Hi Eric, HBA is at the latest version. Thanks for your help with this.
 

Minxster

Dabbler
Joined
Sep 27, 2013
Messages
36
While you've got a low-clocked CPU, if that was the root of the issue I think that would have choked your RAIDZ2 vdev reads as well. And you've done this with compression off as well, so there's even less to get in the way from that front.

The fact that just changing from Z2 to mirrors seems to be enough to trash your performance is what's got me really confused. It's normal to have lower sequential performance but not that much lower.

I hate to say it, but have you tried that reinstall yet? Or even (caution, heresy ahead) a different OS with ZFS still in play?

The DD testing itself didn't seem to really cause too much problem with the CPU... I'm currently testing a NIC/iSCSI tests on the vdev RaidZ2 and the CPU is showing more signs of being hammered.

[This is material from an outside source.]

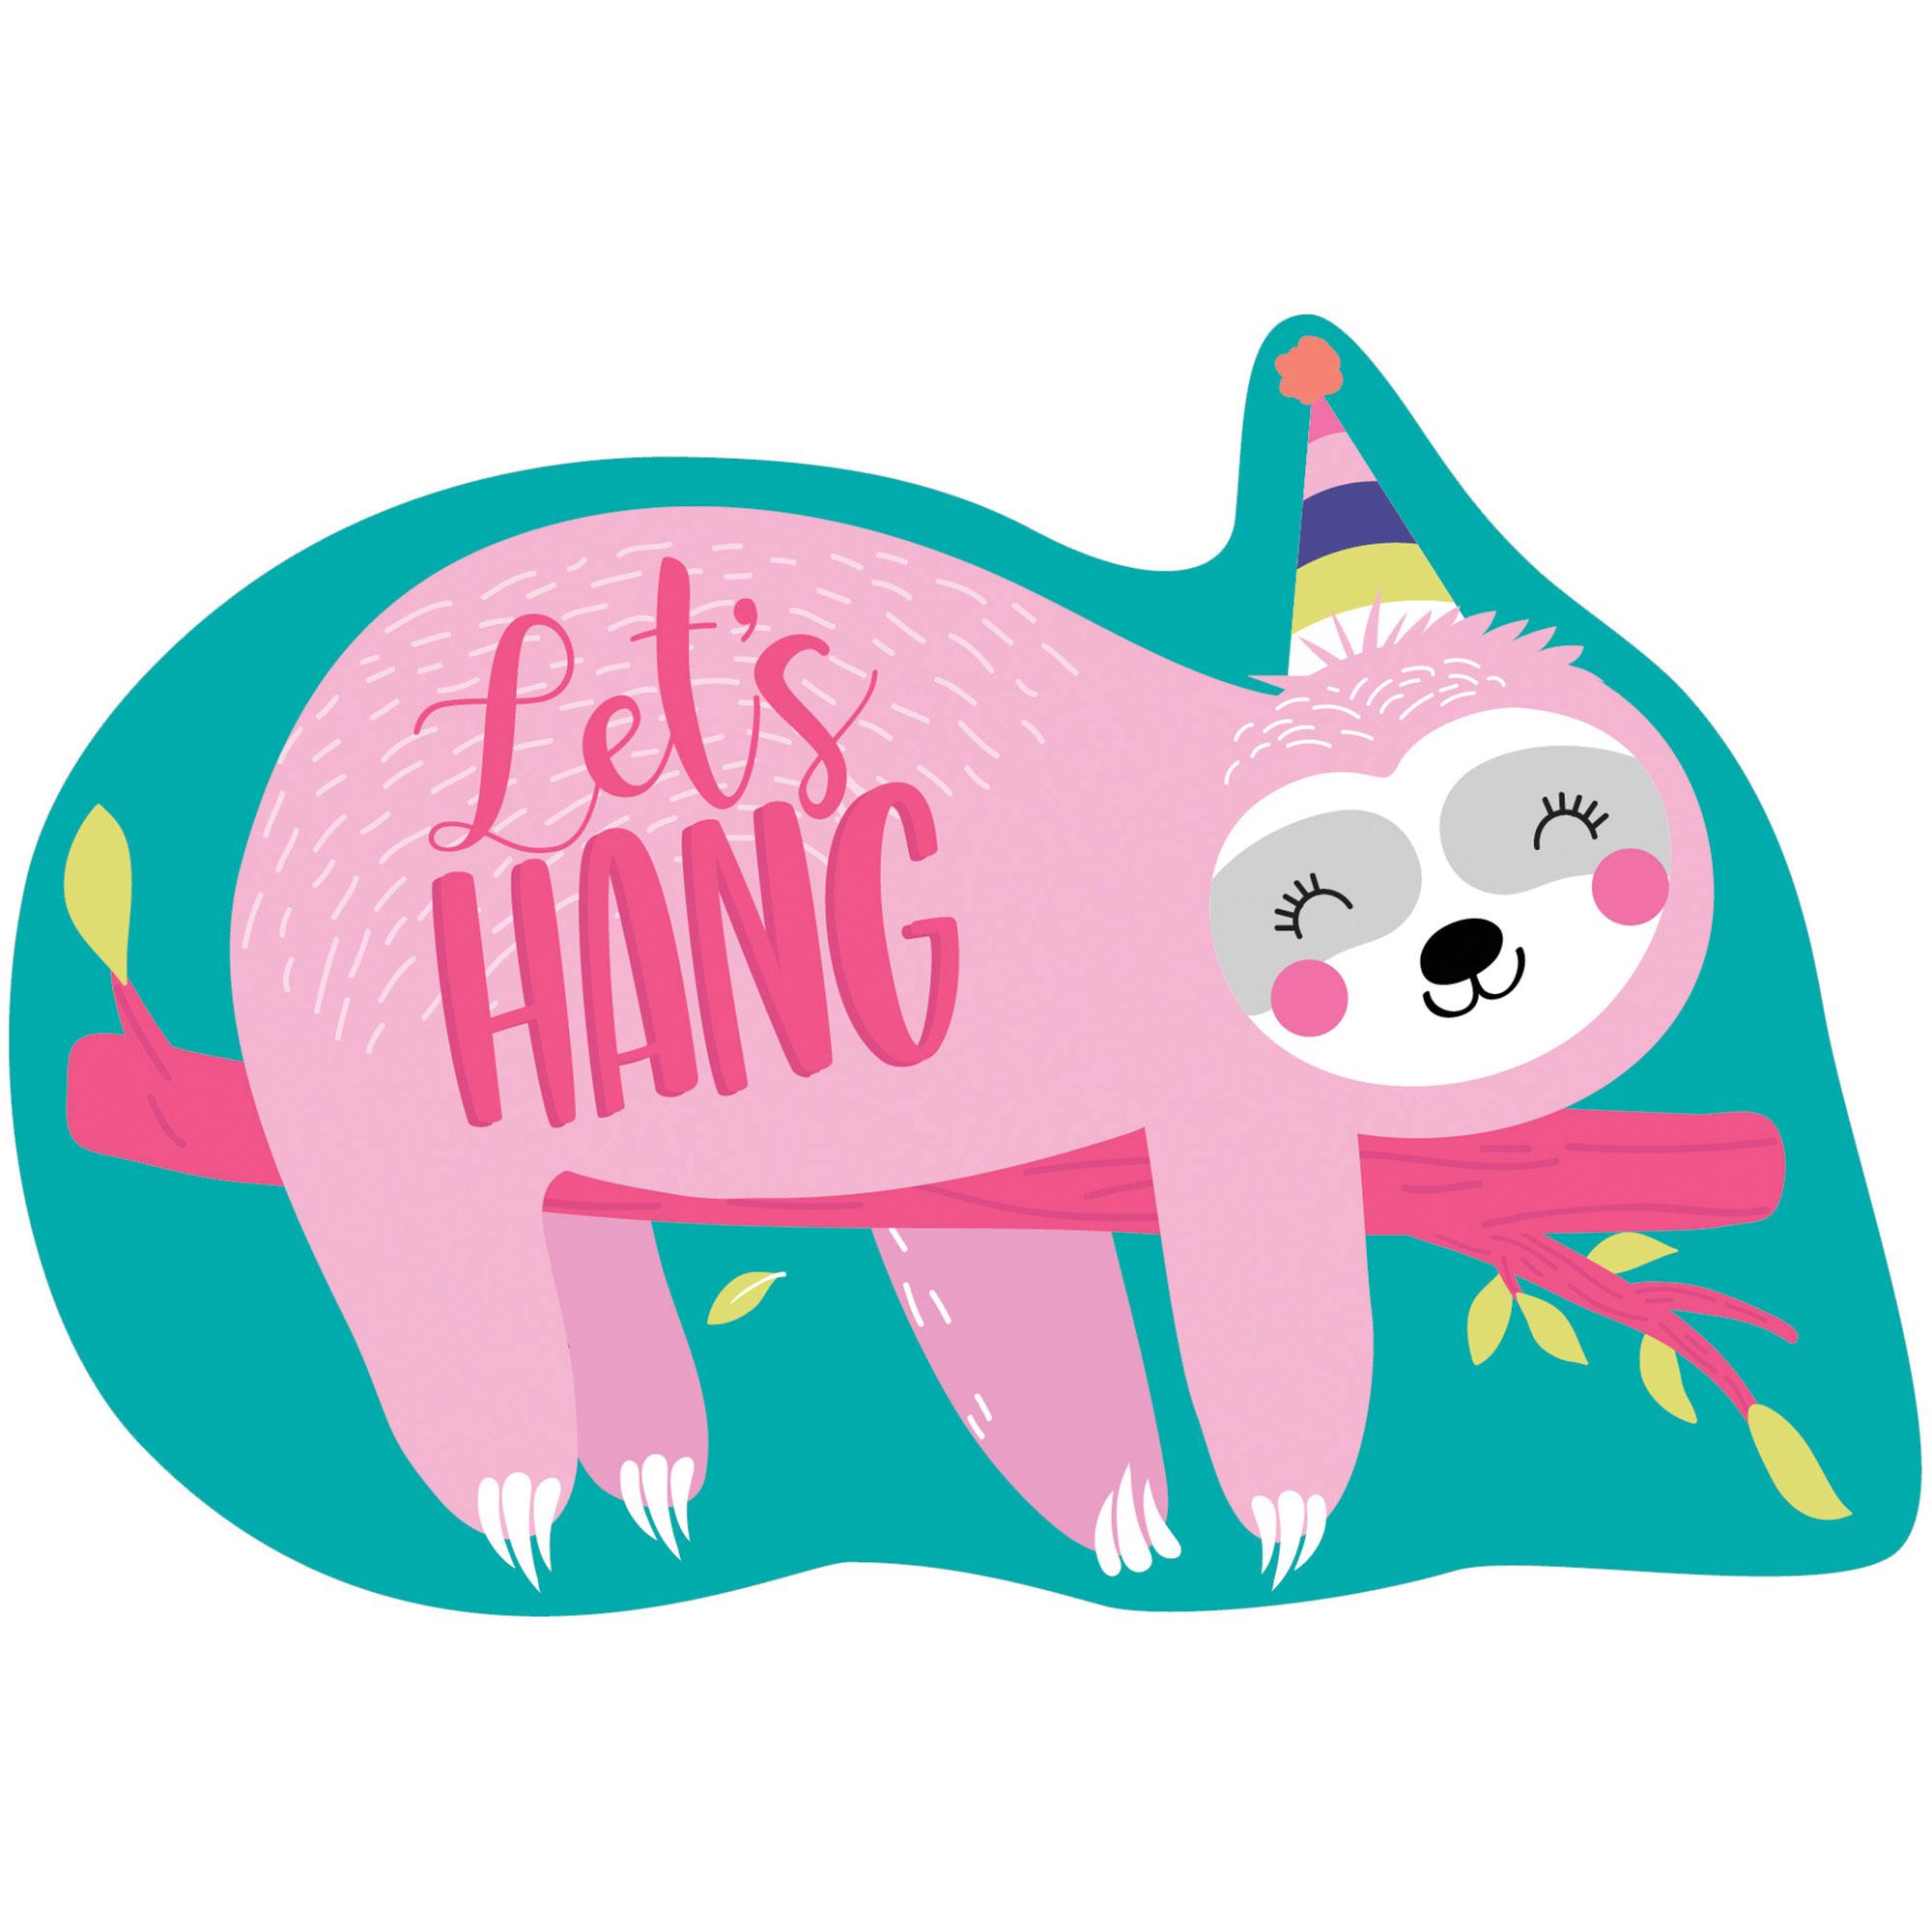 Sloth Postcard Invitations Let's Hang

Do you think I should be disabling hyper-threading?
 

Minxster

Dabbler
Joined
Sep 27, 2013
Messages
36
I overlooked the clock speed on the CPU. What does CPU utilization look like during the test? The low clock could also affect network traffic when it comes to that.

During DD testing, it's not showing any issues - though I do have hyper-threading on, I've read that this can cause some problems but on some early testing I tried with them both on and off and didn't see any real difference.
 

HoneyBadger

actually does care
Administrator
Moderator
iXsystems
Joined
Feb 6, 2014
Messages
5,112
The DD testing itself didn't seem to really cause too much problem with the CPU... I'm currently testing a NIC/iSCSI tests on the vdev RaidZ2 and the CPU is showing more signs of being hammered.

Do you think I should be disabling hyper-threading?
I've got HT disabled on my hex-core but it's also an X5650 so it's way behind in the IPC department.

Hail-Mary suggestion; try setting the tunable
Code:
vfs.zfs.compressed_arc_enabled=0
on boot time and see if that changes anything. But I'd still hesitant to put the blame entirely on "slow CPU" because your RAIDZ2 numbers are much better (about 10x looking at that graph). I still want to chase something in the software, or maybe a firmware bug. HBA is running the IT firmware, not IR, right? No chance of the controller somehow trying to do its own RAID thing?
 

Minxster

Dabbler
Joined
Sep 27, 2013
Messages
36
I've got HT disabled on my hex-core but it's also an X5650 so it's way behind in the IPC department.

Hail-Mary suggestion; try setting the tunable
Code:
vfs.zfs.compressed_arc_enabled=0
on boot time and see if that changes anything. But I'd still hesitant to put the blame entirely on "slow CPU" because your RAIDZ2 numbers are much better (about 10x looking at that graph). I still want to chase something in the software, or maybe a firmware bug. HBA is running the IT firmware, not IR, right? No chance of the controller somehow trying to do its own RAID thing?

The HBA is a Broadcom 9305-16i which isn't a RAID card so it's already in IT mode as such? Unless someone wants to correct me?
 

Minxster

Dabbler
Joined
Sep 27, 2013
Messages
36
Have just tried a simple copy test and it's slightly slower with hyper-threading, though the CPU graph seemed a little less messy.

Also with some realworld testing with iscsi won't go above about 6gbit which is a bit of a headache for me. But it is a bit of a secondary issue.

Have downloaded v9.10 so will definitely reinstall and benchmark again.



Sent from my HTC One M9 using Tapatalk
 

Chris Moore

Hall of Famer
Joined
May 2, 2015
Messages
10,080
the CPU is showing more signs of being hammered.

Do you think I should be disabling hyper-threading?
I think it is the low clock speed, nothing to do with hyper-threading. Some things are single threaded, so a higher clock speed is important, but there are plenty of other tasks to keep the other cores busy.
 

HoneyBadger

actually does care
Administrator
Moderator
iXsystems
Joined
Feb 6, 2014
Messages
5,112
Have downloaded v9.10 so will definitely reinstall and benchmark again.
If you're already on 11 and planning a reinstall, give the tunable I mentioned above (uncompressed ARC) a shot. It shouldn't do anything because you're already running without compression ... but still.
 

Ericloewe

Server Wrangler
Moderator
Joined
Feb 15, 2014
Messages
20,194
Come to think of it, the uncompressed code path sees a lot less testing these days with compressed ARC... Another thing to try is to turn on compression and then run your normal workload.
 

Minxster

Dabbler
Joined
Sep 27, 2013
Messages
36
I've been off grid for a while, still trying to get my head around things.

Compression - this has only been left off during DD testing just to see how the drivers perform overall. This was just to see if the system as ok in general or not. However, during real-world testing I've been turning it on after resetting the dataset.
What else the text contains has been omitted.